The killing can be unintentional too—less murder than manslaughter. Mark Lemley, an intellectual-property expert at Stanford Law School and one of the most cited American legal scholars ever, argues that in many cases, larger companies simply don’t know how to deploy the technology they acquire without hurting their original business. Twitter bought Vine, the beloved short-form video platform, then abruptly shut it down. Sometimes the bureaucracy of the parent company saps the dynamism that the start-up had. Plus, when founders sell their equity and become salaried employees, they lose the incentive to shoot the moon. As a result, acquired companies often “disappear and are never heard from again,” Lemley told me.

Tim Wu, a professor at Columbia Law School who served as Joe Biden’s antitrust adviser in the White House, told me that, in a lax antitrust environment, tech start-ups might be more numerous but “are more likely to build complementary, often low-impact products seeking acquisition.” Strong antitrust enforcement, by contrast, makes start-ups more likely to think big and compete with the giants head-on.

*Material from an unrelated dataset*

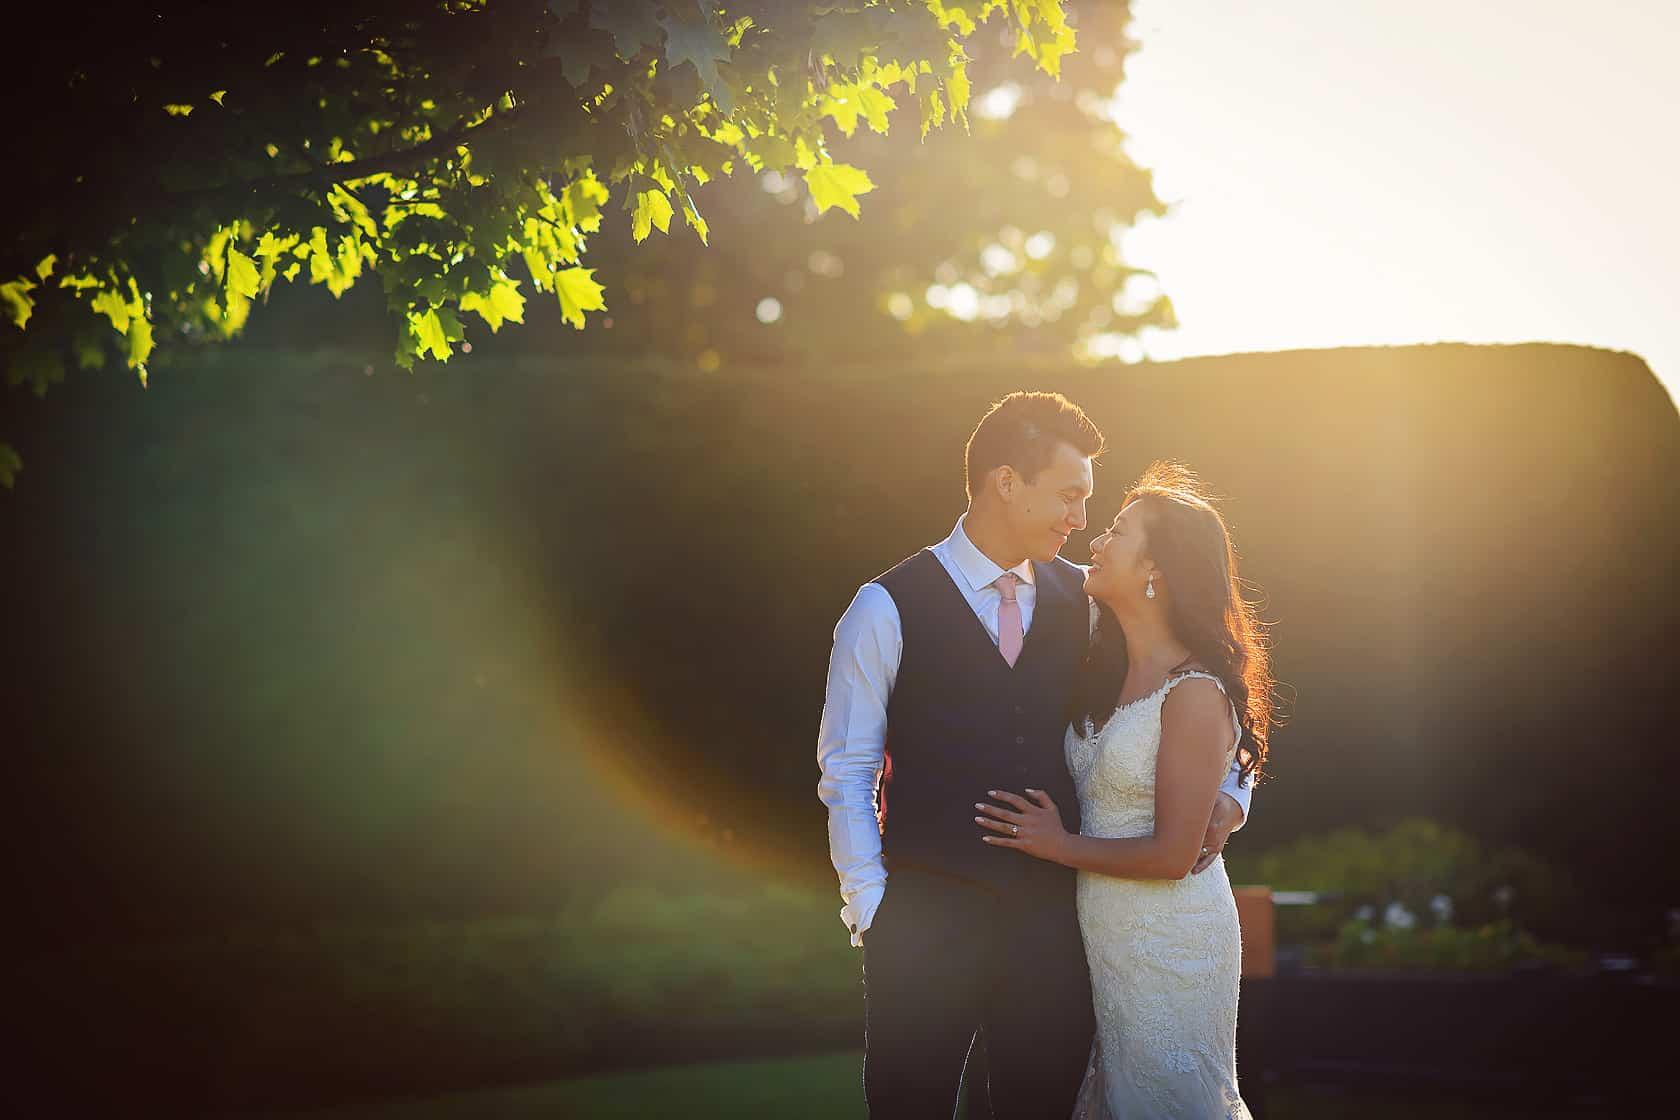 Best_Wedding_Photography_2018_Wedding-Photographer-Essex-and-London_044

Wu cited the period of the 1970s and ’80s when enforcement was relatively strong, which gave rise to enduring companies such as Apple, Microsoft, Oracle, Sun, Lotus, Dell, and others.

Tech entrepreneurs I spoke with offered evenhanded analyses of antitrust policy, recognizing the importance of restraining monopolies while allowing innovative start-ups to find funding—including via acquisition. But these founders emphasized that the most exciting part of starting a company isn’t the prospect of getting bought by Meta or Amazon or Google. Angela Hoover co-founded the AI-powered search assistant Andi with the goal of “taking on Google,” she told me—not getting bought by Google. “Our hope,” she said, “is to take it all the way.”

No one is saying that all mergers are bad. Some companies create widgets that should be integrated into the larger corporate machinery rather than being forced to survive on their own. Some entrepreneurs are good at inventing things but have no idea what to do with their creations. The question is where to set the balance.

Antitrust advocates say we tried lax enforcement for decades and saw the results. “We ran the experiment of a permissive policy, and what we have is the emergence of these behemoths,” Kwoka said. Presumably there’s a point at which the crackdown could go too far, but given the continued dominance of the giants, we’re not there yet.

A surprisingly diverse set of bedfellows agrees. Republican vice-presidential nominee J. D. Vance has praised Khan’s efforts, arguing that keeping Google in check will prevent it from stifling speech. A group of more than 700 Silicon Valley investors signed a letter endorsing Harris in July, and some VCs are promoting Khan’s agenda. Garry Tan, the CEO of the start-up incubator Y Combinator and an aggressive critic of San Francisco’s political left, has praised Khan as “fighting for innovation.” Last October, Tan was asked on X if there was a tension between supporting start-ups, on the one hand, and cracking down on mergers, on the other. “Ultimately even if you want an exit via M&A it’s better to have 5 companies competing to buy you rather than 1-2,” Tan replied. “Selling to monopolist with gun to your head is not the only fate.”

Reid Hoffman is right that VC investment has helped many businesses get off the ground. Still, it’s worth asking whether the exit-via-acquisition model creates the most value for society. That model has become dominant for many reasons—IPOs have gotten more expensive, for one—but it could also reflect a kind of learned helplessness: If you can’t beat ’em, get acquired by ’em. Mark Lemley argues that this paradigm produces less ambitious start-ups. If your goal is to get bought by one of the Big Tech companies—or even if that’s just a likely outcome—you’re less inclined to challenge an incumbent. Any founder who starts a company with the explicit goal of getting acquired, Lemley said, “would much prefer to have no antitrust law. But if that’s what you’re doing, it’s not obvious that you’re benefiting the world at all.”